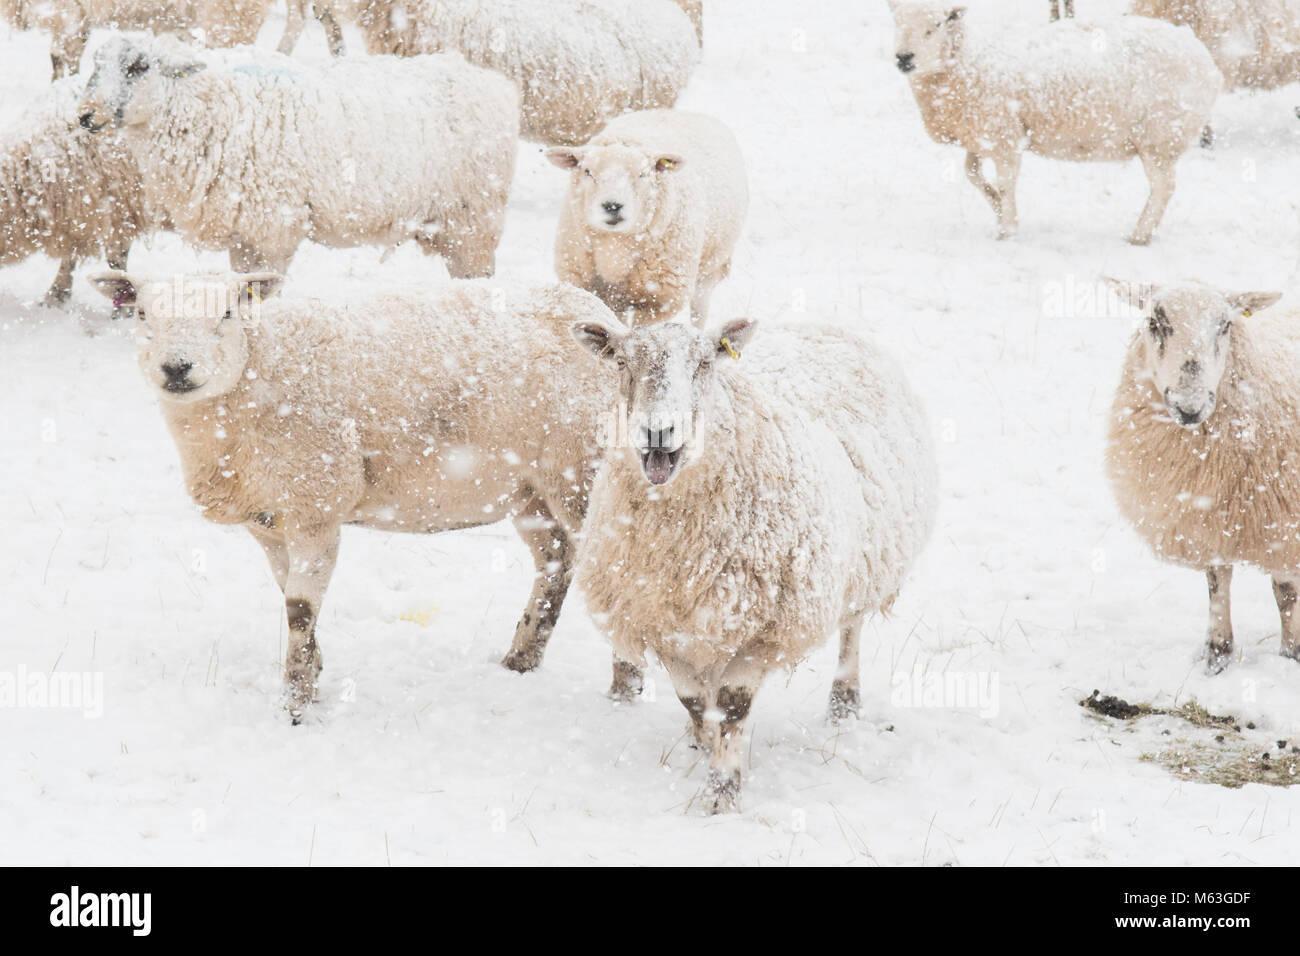 Balfron, Stirlingshire, Scotland, Regno Unito. 28 Feb, 2018. Regno Unito - previsioni del tempo - ovini sperando Immagini Stock
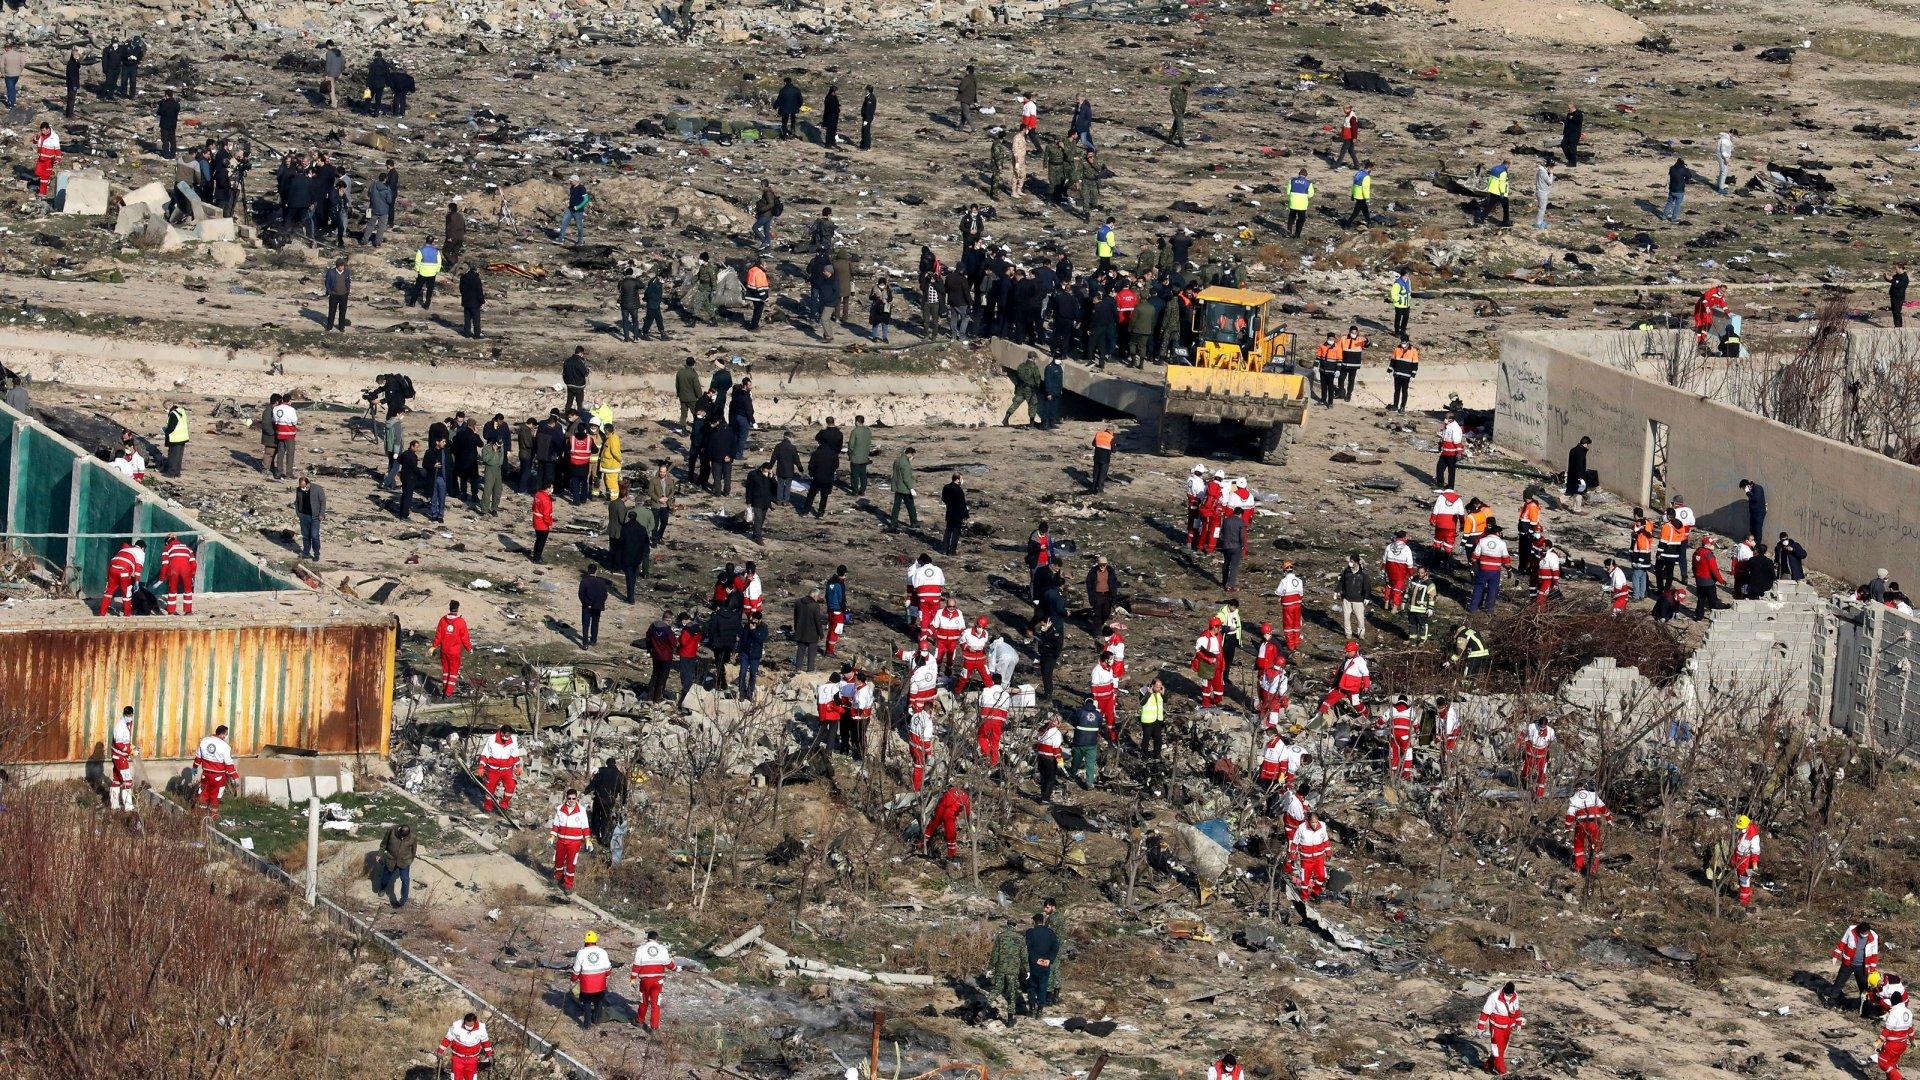 Иран улсын харвасан пуужин Украины онгоцыг унагаасан байж болзошгүй хэмээн таамаглаж байна
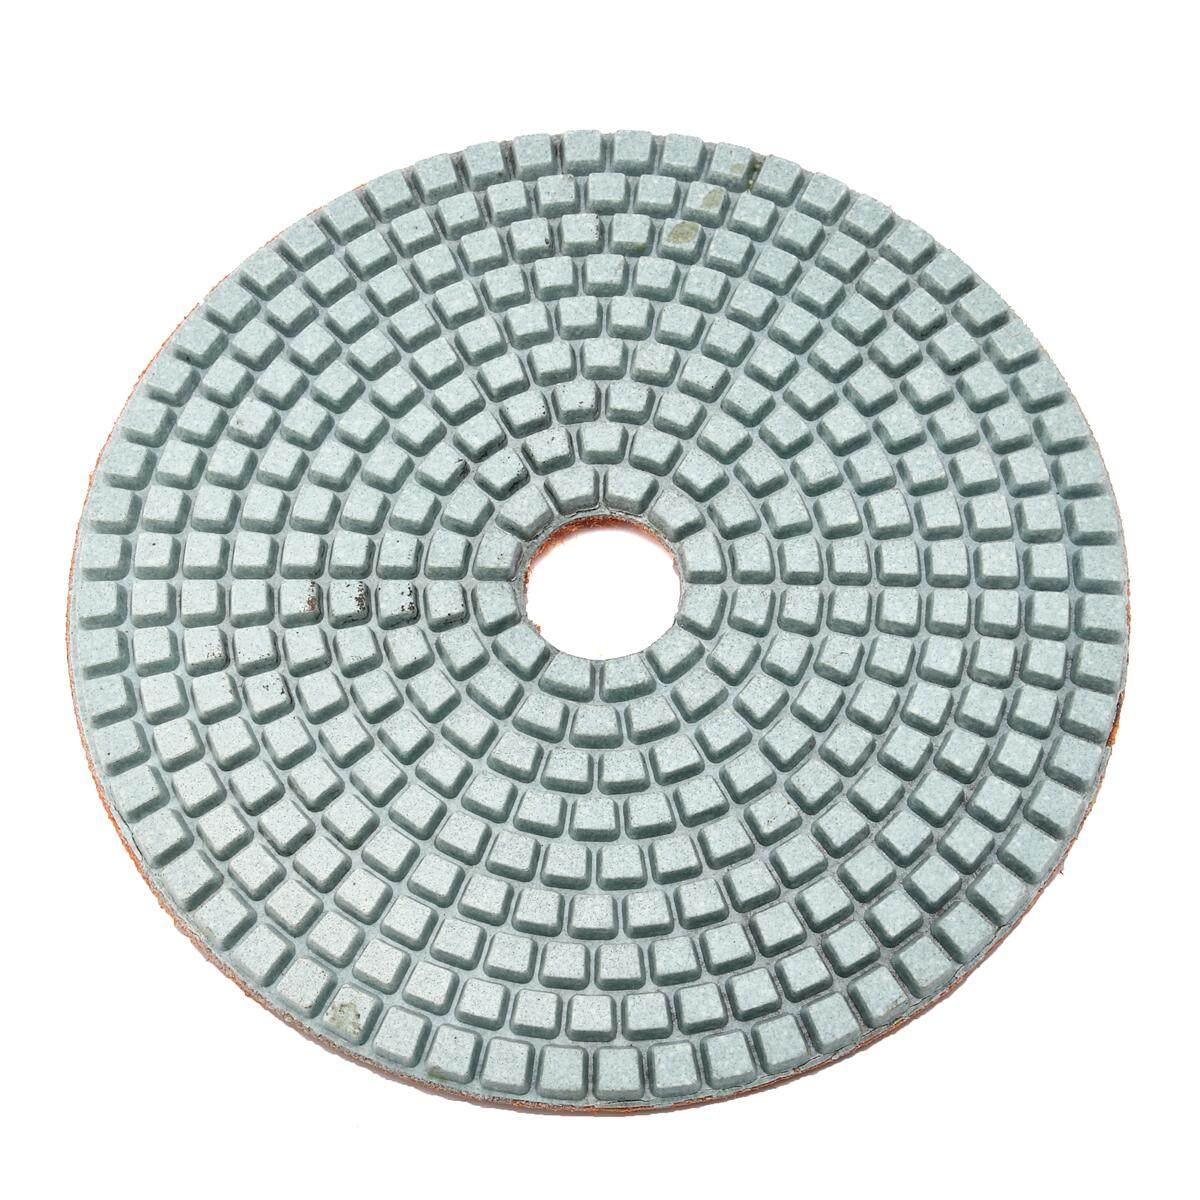 5 Inch 200 Model Kotak-kotak Basah Kering Berlian Alas Poles Amplas Disc Granit Beton

*Prompt*:
The lines wanted run from the one with "Иран улсын харвасан" through the final line of the data; repeat them word for word and skip every picture.

*Answer area*:
 Иран улсын харвасан пуужин Украины онгоцыг унагаасан байж болзошгүй хэмээн таамаглаж байна
 5 Inch 200 Model Kotak-kotak Basah Kering Berlian Alas Poles Amplas Disc Granit Beton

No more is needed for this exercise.